[Requirement]
Go through the data and copy every line exactly, but not the images.
(Beginning of Provided material)
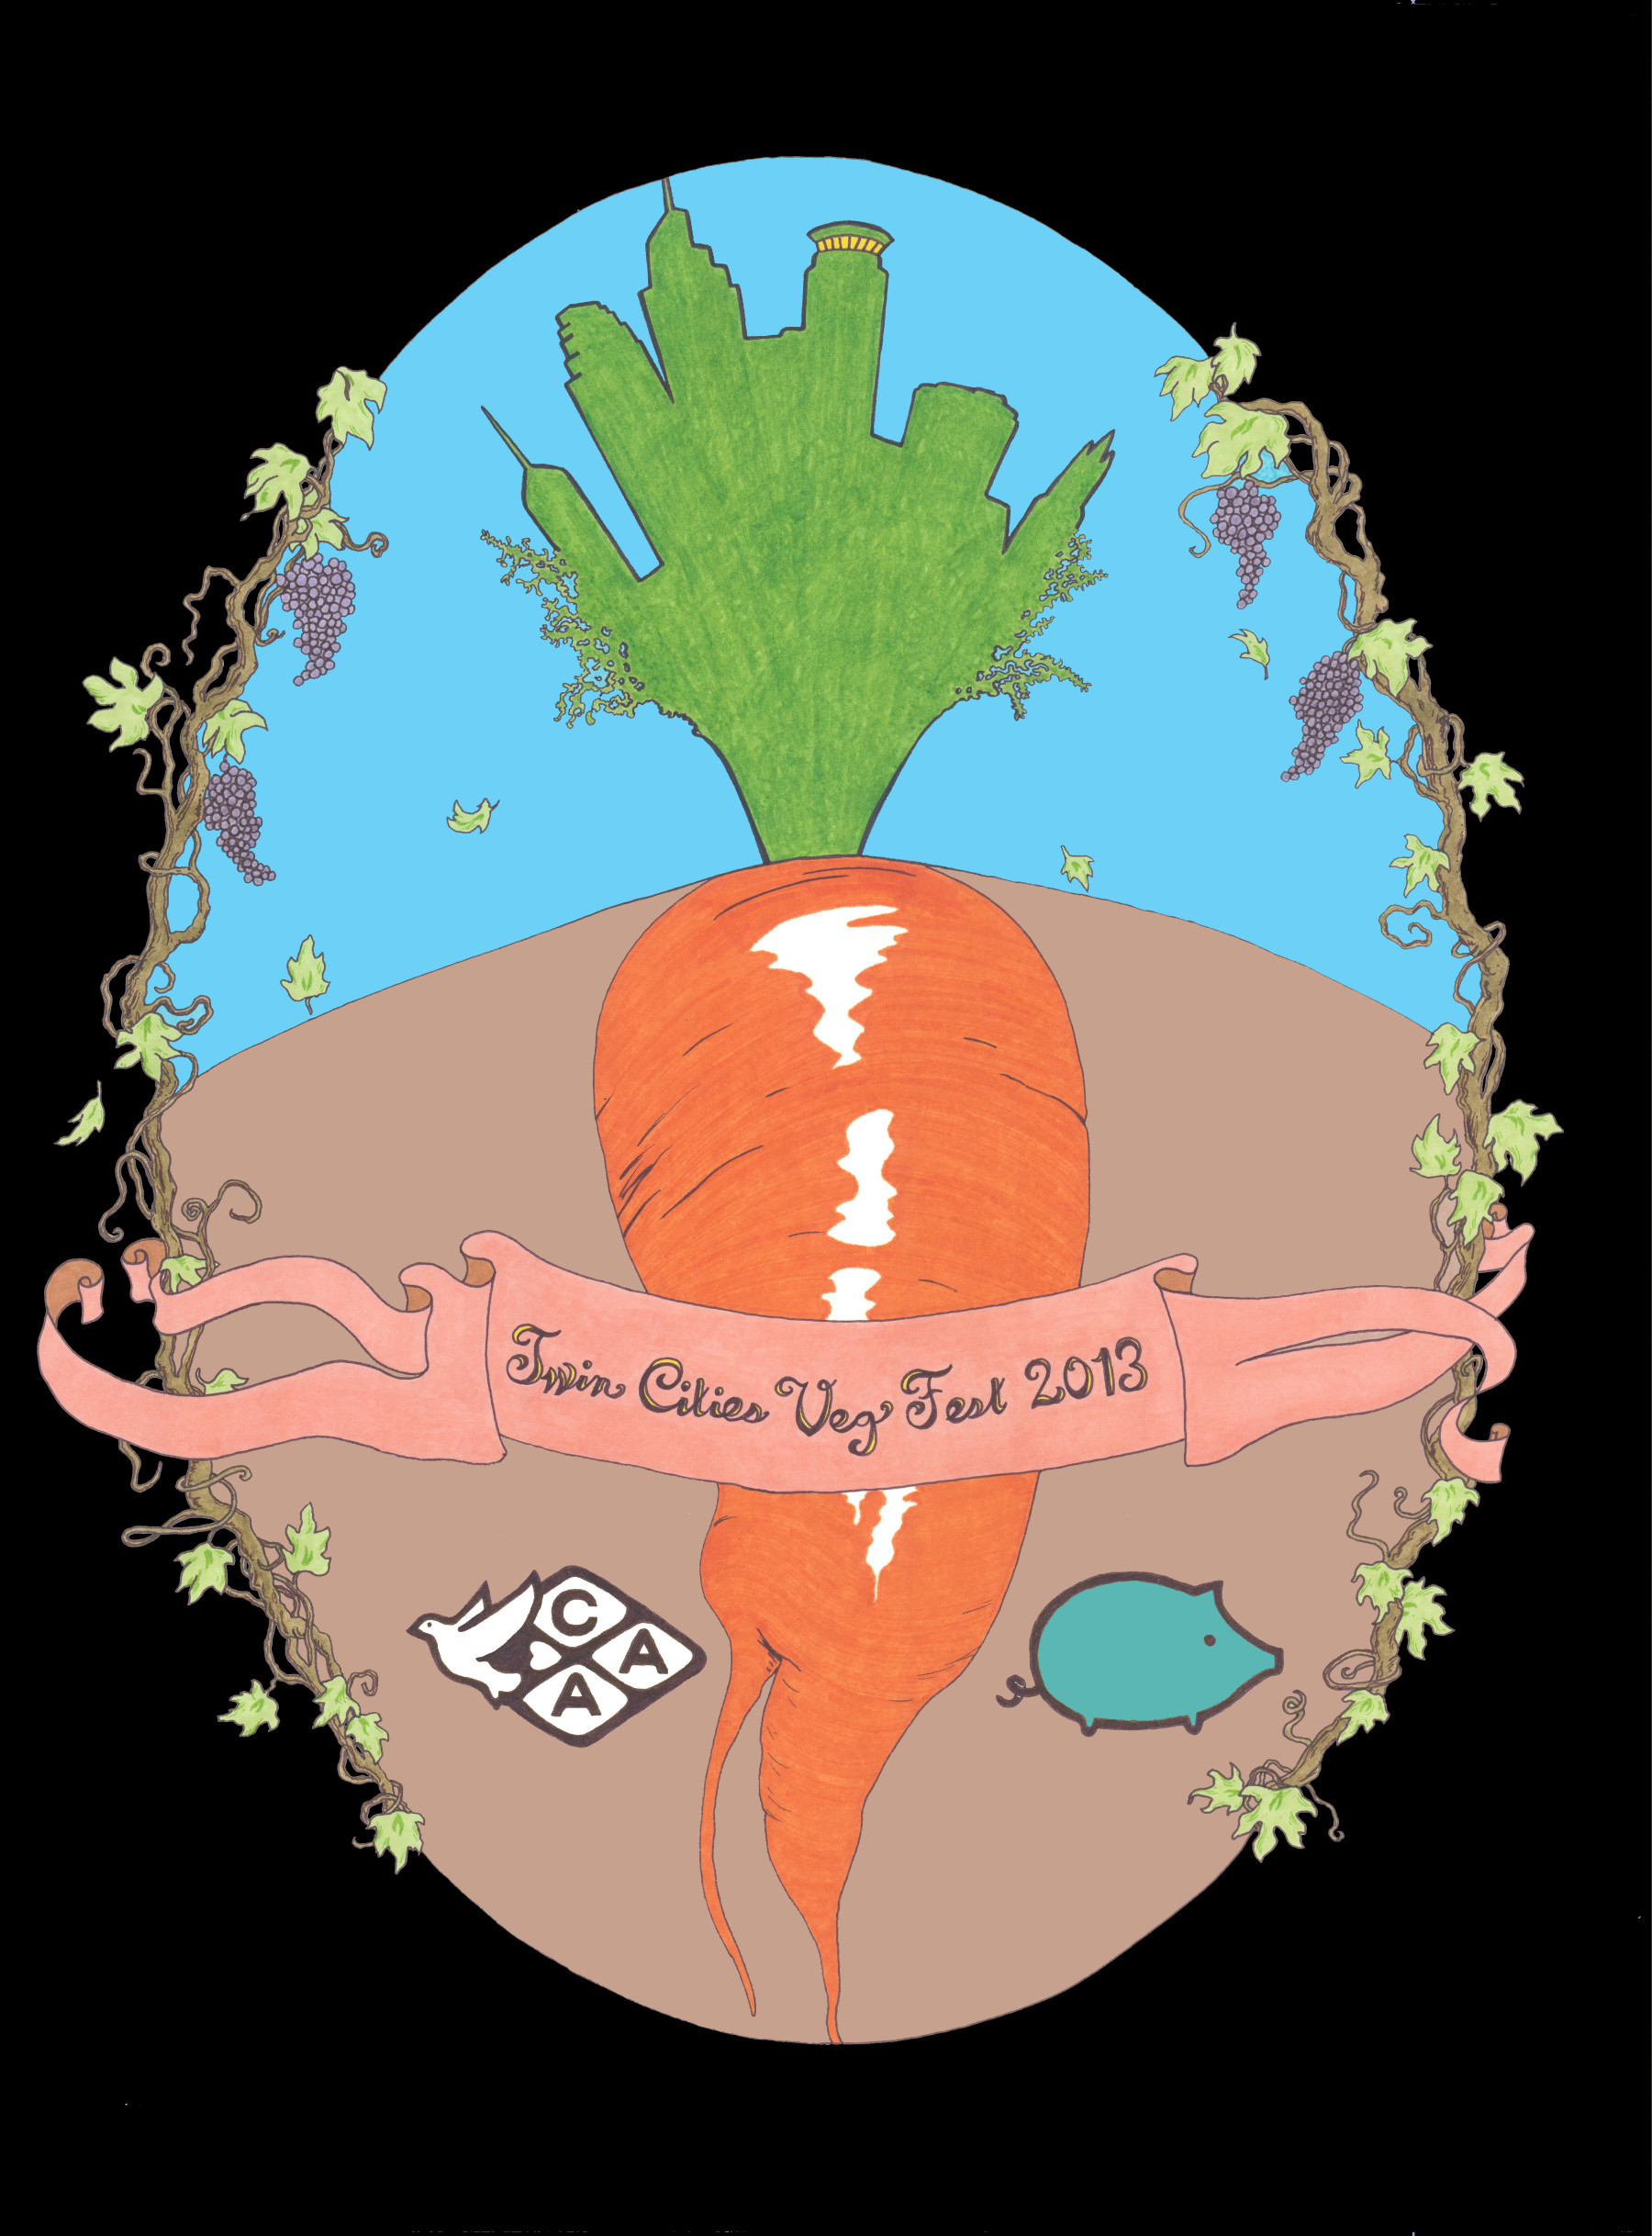 Twin Cities Veg Fest poster by Shannon Kimball
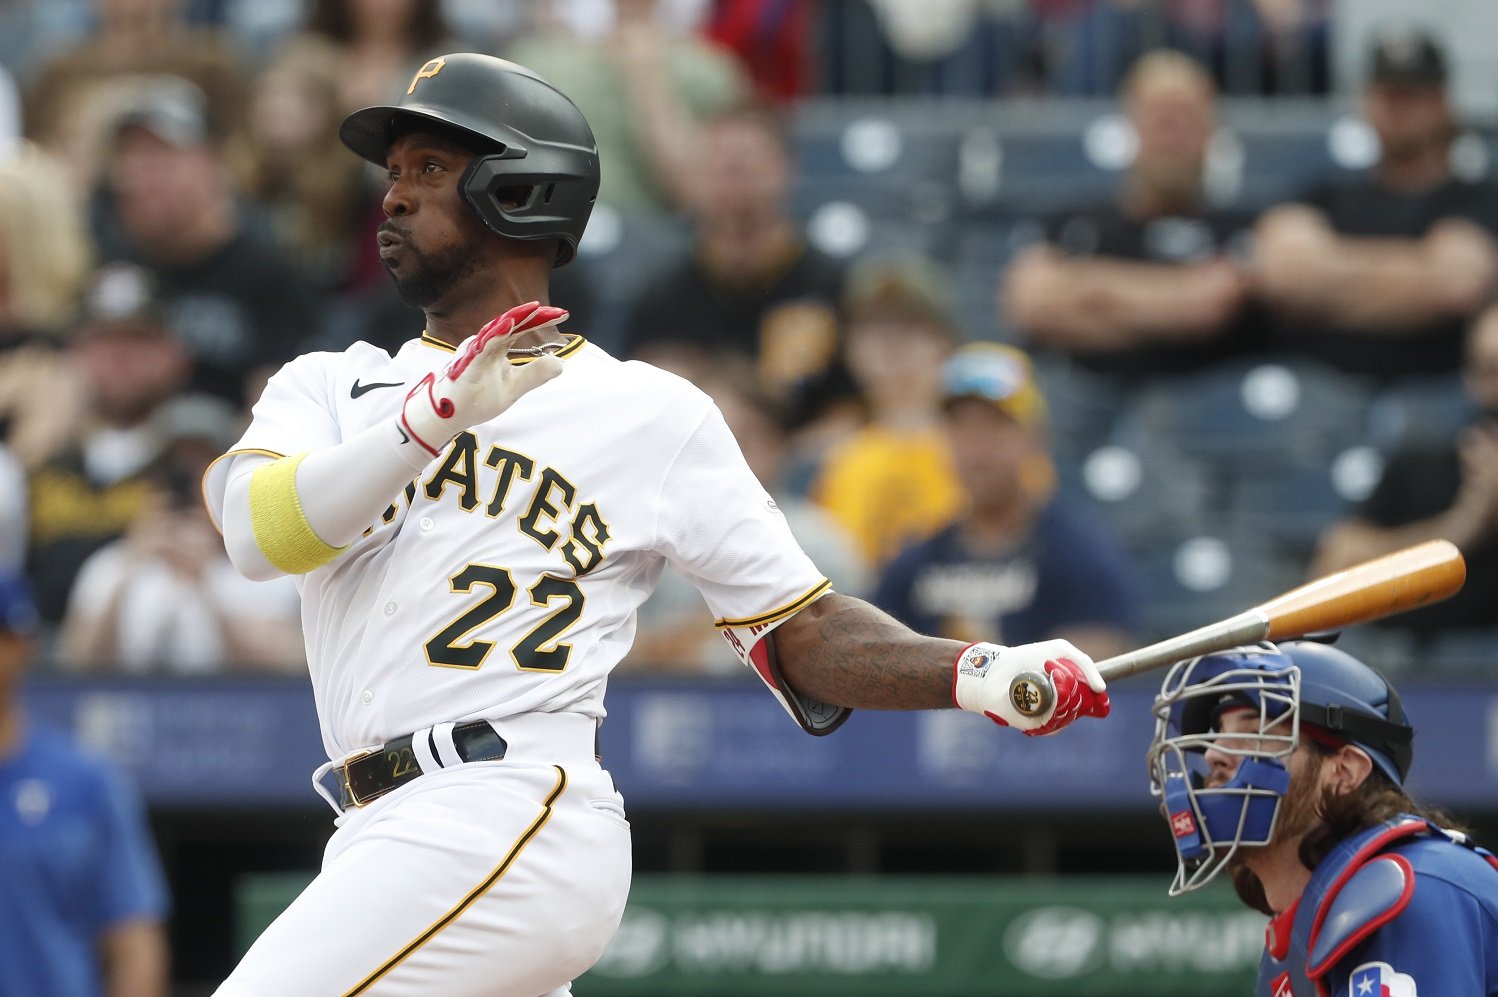 Blue Jays: The argument for and against signing OF/DH Andrew McCutchen
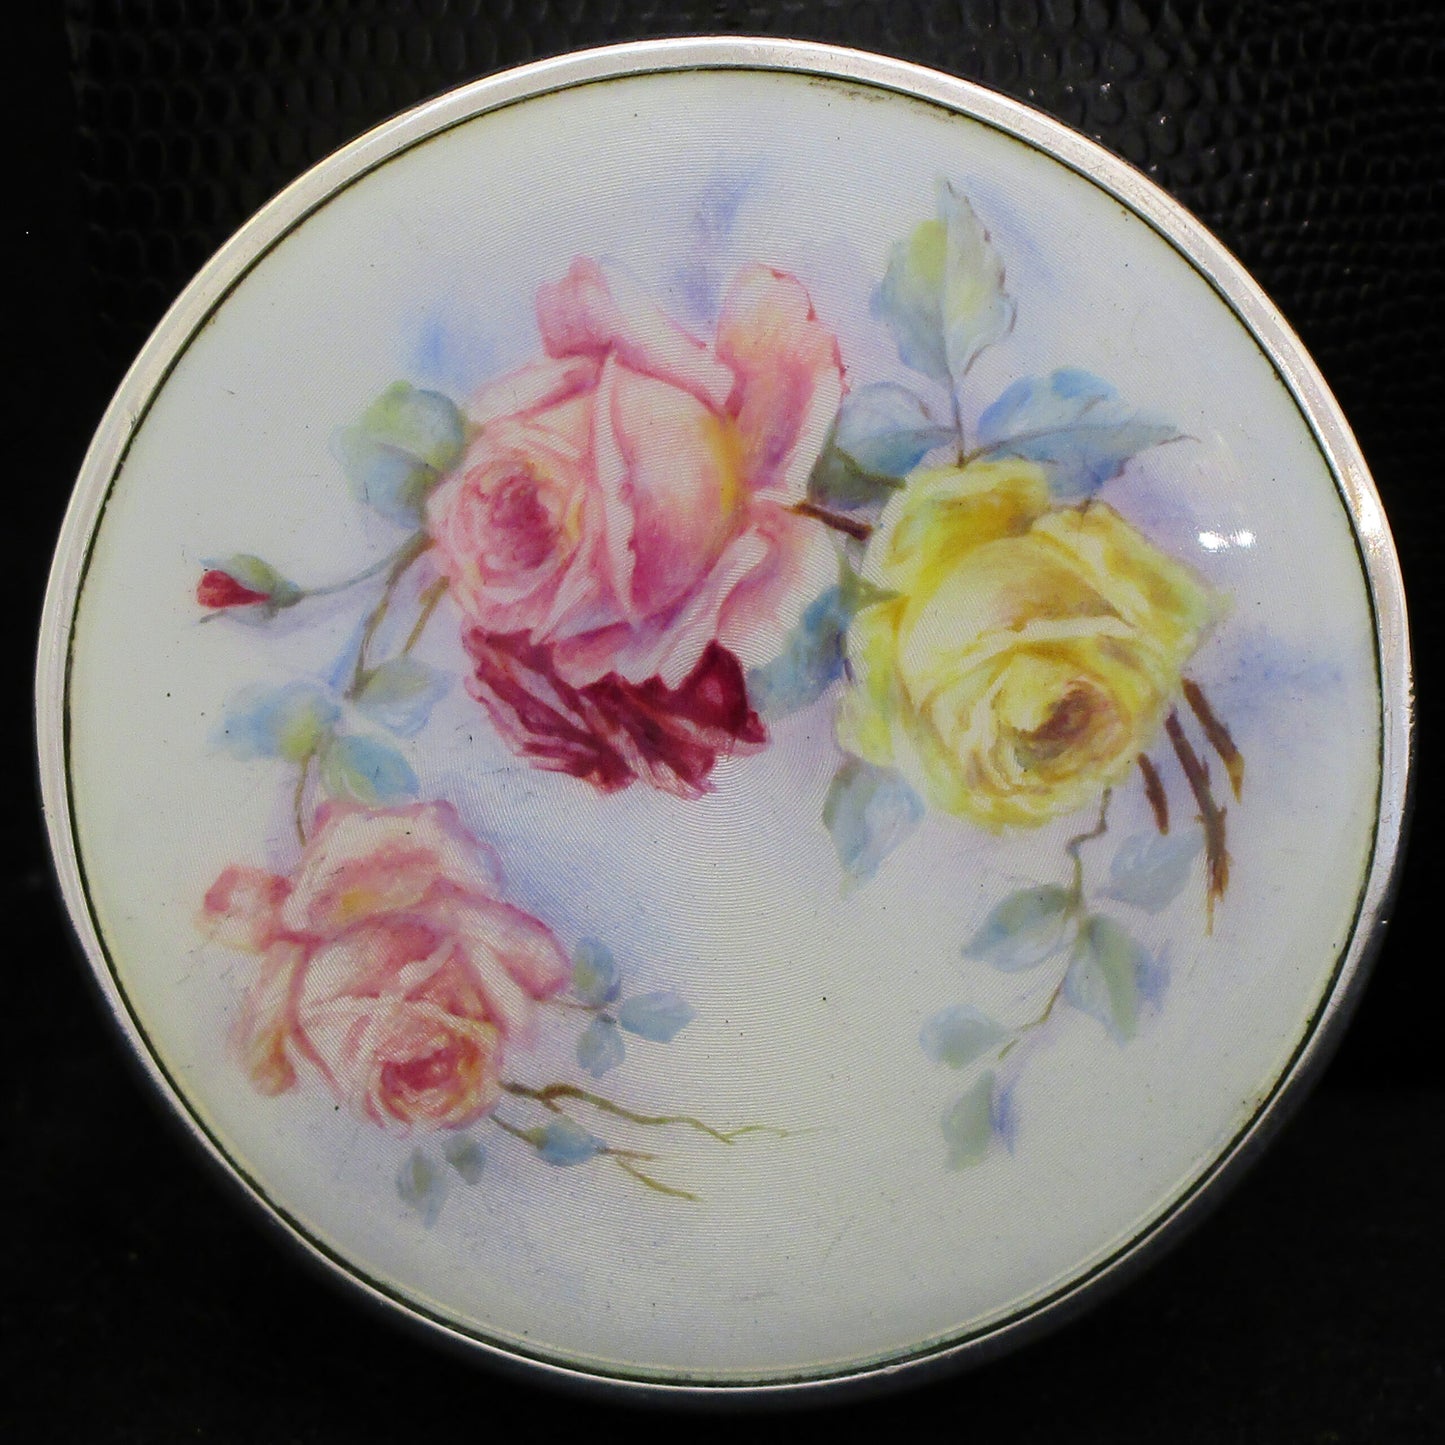 Silver and hand painted enamel box/compact.
(End of Provided material)
[Written reply]
 Twin Cities Veg Fest poster by Shannon Kimball
 Blue Jays: The argument for and against signing OF/DH Andrew McCutchen
 Silver and hand painted enamel box/compact.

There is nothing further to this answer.